When do I need to go to the doctor?
The Mayo Clinic says that most people with sprains or strains don’t need to go to the doctor for four to six weeks. Most likely, the pain will go away before you need to make an appointment. Some situations need to be dealt with quickly. If you don’t feel better after three days or if you have a fever, you should talk to a doctor.
You should also call your doctor right away if you have back pain for the first time after you turn 50, if you have a serious injury, or if you lose weight for no reason. You should also call your doctor if you have constant, severe pain or pain that spreads down a leg or makes a leg weak or numb. All of these are signs that you may have more than just a strained or sprain back.
What kinds of care can a doctor give?
First, your doctor will try to figure out why you are hurting. Sprains and strains can’t be seen on x-rays or any other test, but the way you feel can give a pretty good idea of what’s wrong. If you’ve been in pain for a few weeks and it doesn’t seem to be getting better, your doctor may give you an x-ray or a high-tech imaging test to check for herniated disks or other injuries. Cancer and spinal infections can also be found or ruled out by these tests.
Your doctor may give you stronger NSAIDs to help you deal with your pain. Some people feel better when they take muscle relaxants, but they usually don’t work any better than NSAIDs, and they often make people sleepy.
If your doctor tells you that you need surgery, you need to know why. If you need to, make sure to get a second opinion.

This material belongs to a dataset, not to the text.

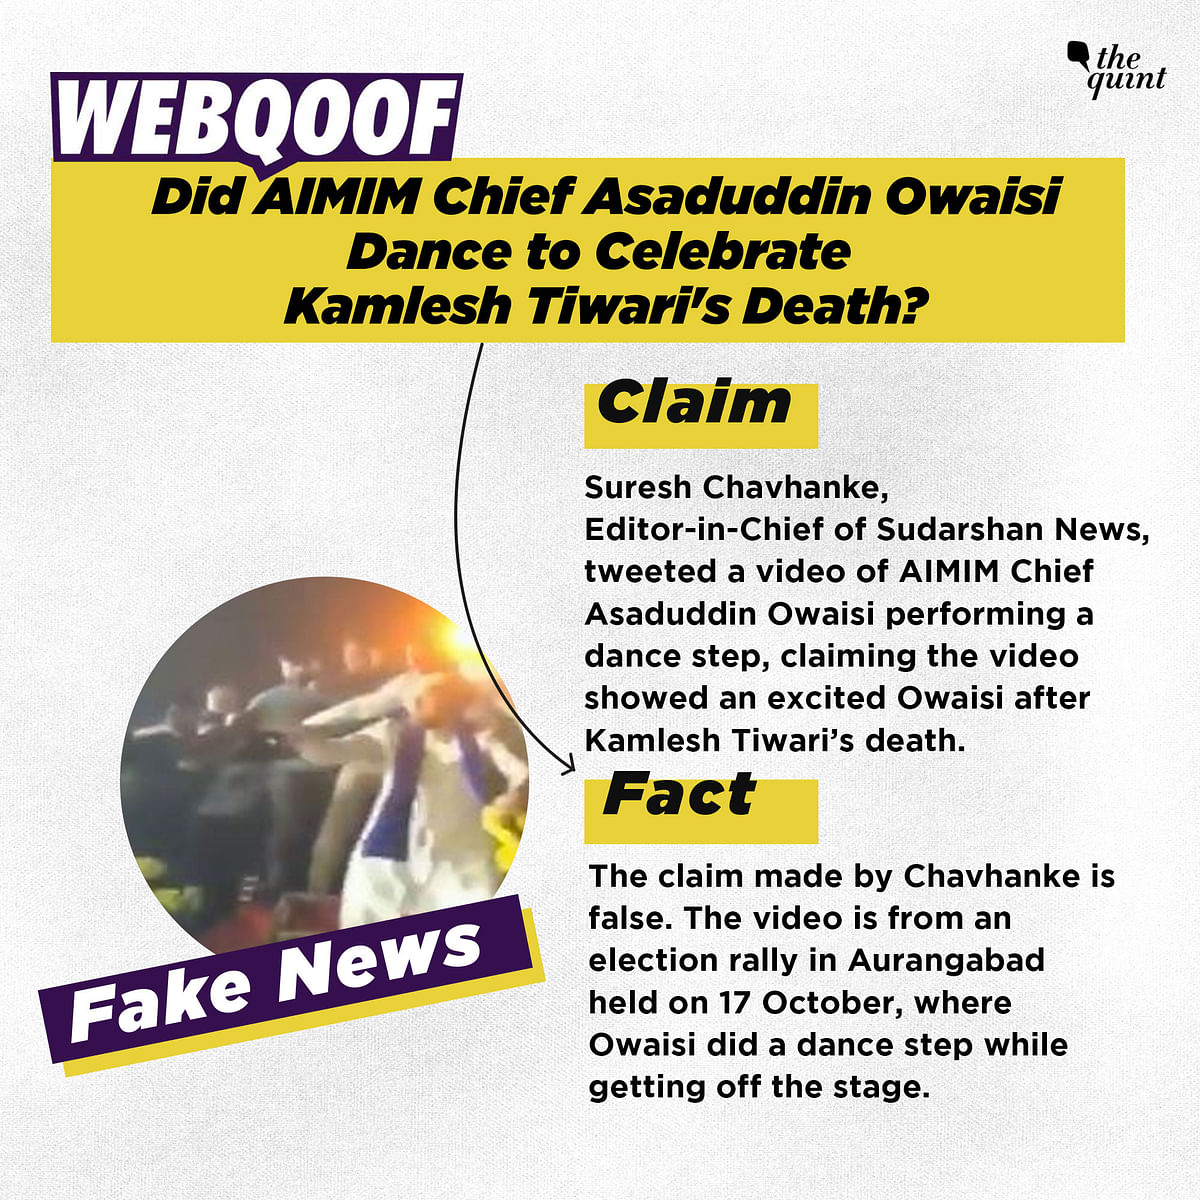 The video is actually from Owaisi’s rally in Aurangabad which was held on 17 October. 

A report in the New England Journal of Medicine says that surgery has never been shown to help with back sprains or strains, so your doctor is unlikely to suggest it if that’s the only problem.
How can I avoid sprains and strains in my back?
If you’ve had back pain before, it’s likely to happen again. Your job is to make sure the attacks are as short and far apart as possible. Don’t use your back to lift heavy things. Instead, use your legs.
Ask your doctor what exercises you can do to strengthen your back weak muscles. A program of strengthening and stretching will help keep the lifting muscles in good shape and less likely to strain. Keep your back straight when you stand or sit to protect yourself even more.
In short, don’t let the pain in your back make your life hard.